Williams v. State

W. SHARP, Judge.

Williams appeals from the summary denial of his motion filed pursuant to Florida Rule of Criminal Procedure 3.850. We affirm because it appears his motion is time-barred, and because of the passage of time there is no practical remedy the state courts can *86fashion. Only the federal courts can help Williams now.

The essence of Williams’ claim is that he pled guilty to trafficking in cocaine1 in 1989 as a result of a plea bargain. He was sentenced to five years in prison, with credit for time served. He had been serving a twenty-year sentence in the federal prison for federal offenses. Williams was returned to Florida for prosecution of the trafficking offense.

Williams asserts that part of the plea bargain was that his sentence for trafficking was to be served concurrently with his federal sentence. However, when he completed serving his trafficking sentence in 1990, he was returned to the federal authorities, who then disclosed to him that he was not going to be given credit on his federal sentence for the time served in the Florida prison.
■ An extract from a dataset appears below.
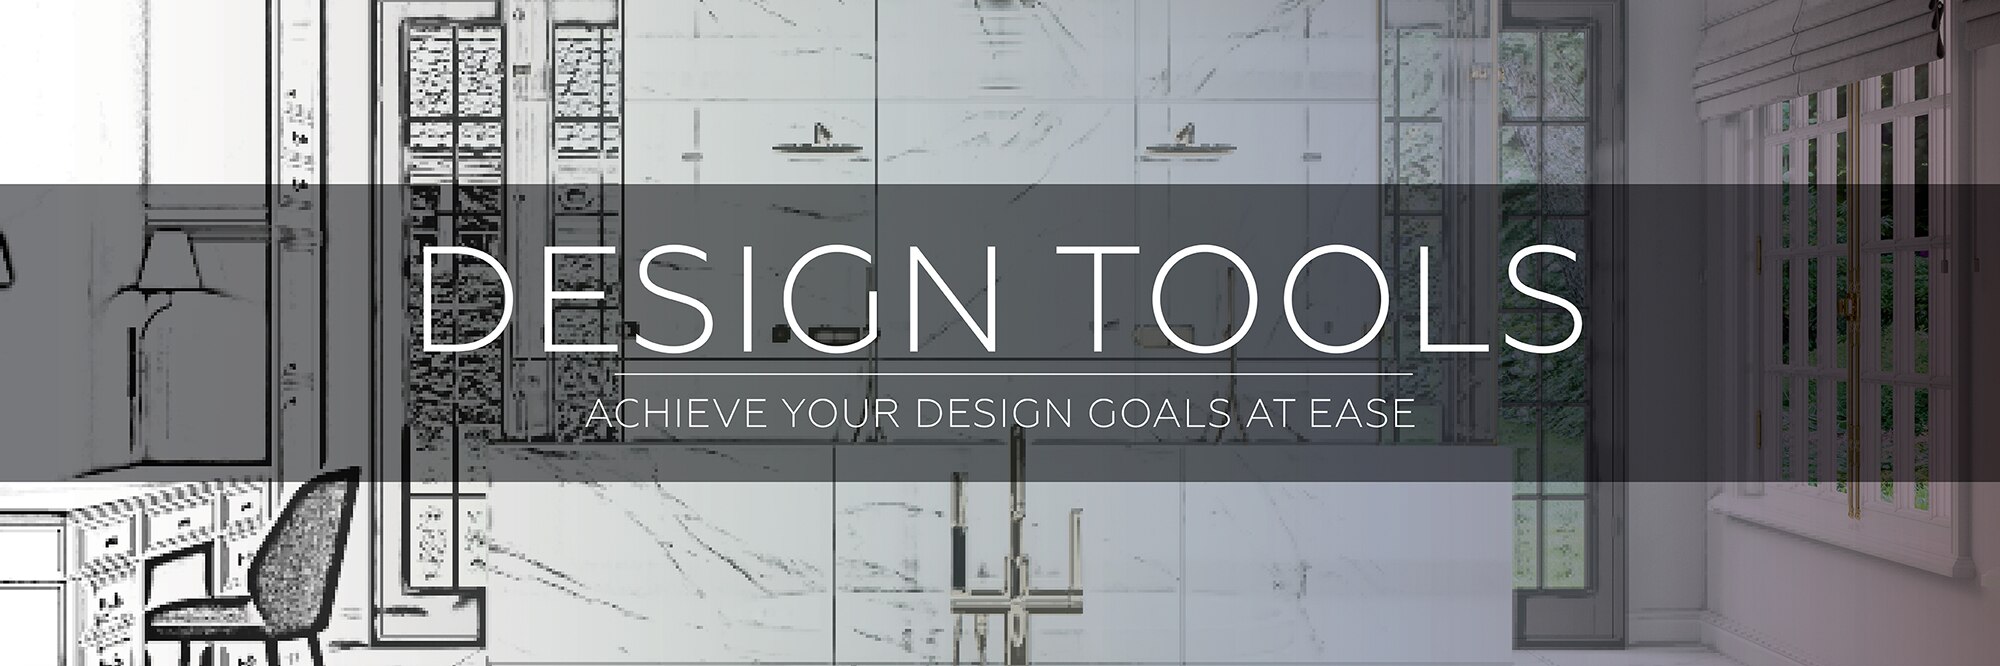 Design Tools. Achieve your design goals at ease.

Williams claims his attorney assured him, after he had been sent to the Florida prison rather than the federal prison, that she would seek clarification and file a motion to withdraw his plea. Whether she did or not is unclear. The trial court held a hearing on Williams’ sentence eight months after it was originally imposed. The sentence was amended to state he was to serve the Florida sentence concurrent with whatever sentence he was then serving; ie., the federal sentence.

Nevertheless, Williams was returned to the state prison. He took no further action concerning the concurrency vel non of his sentences. In 1990, he filed a motion to clarify his sentence, which indicates he had been remanded to federal custody and that Florida Department of Corrections refused to say whether the state sentence was concurrent with the federal sentence.

We agree with the trial court that this 3.850 motion was untimely. It was filed almost seven years after the judgment and sentence became final and at least five years after Williams became aware that he was not receiving credit for the Florida sentence on his federal sentence.

Further, the state sentence has been served in full and Williams is no longer in state custody. It appears his federal sentence was in no way enhanced as a result of the Florida conviction. Thus, Williams is not in custody as required by rule 3.850 and the state can give him no relief.

A defendant who alleges in a timely post-conviction motion that his plea was involuntary, because he was promised that his sentence would be concurrent with a sentence in another case, and who states that he would not have entered the plea had he not been promised a concurrent sentence, has stated a prima facie ground for relief and is entitled to a hearing. See Hightower v. State, 650 So.2d 1086 (Fla. 1st DCA 1995); Perkins v. State, 696 So.2d 1343 (Fla. 2d DCA 1997); Schroeder v. State, 641 So.2d 947 (Fla. 5th DCA 1994). Had Williams filed a timely motion to withdraw his plea in this case, he would have been entitled to a hearing. 2

However, having served his Florida sentence, it is too late for Williams to seek to withdraw a guilty plea based on the timing of the serving of that sentence and a federal sentence. The state prison time has been served and it has been served in the state prison system. Those facts cannot be undone. At this point, the state courts have no power or mechanism to force the federal authorities to give a defendant credit for the time served in the state prison. His remedy lies solely with the federal courts.

AFFIRMED.

GRIFFIN, C.J., and HARRIS, J„ concur.

. § 893.135(l)(b)l„ Fla. Stat

. Taylor v. State, 710 So.2d 636 (Fla. 3d DCA 1998).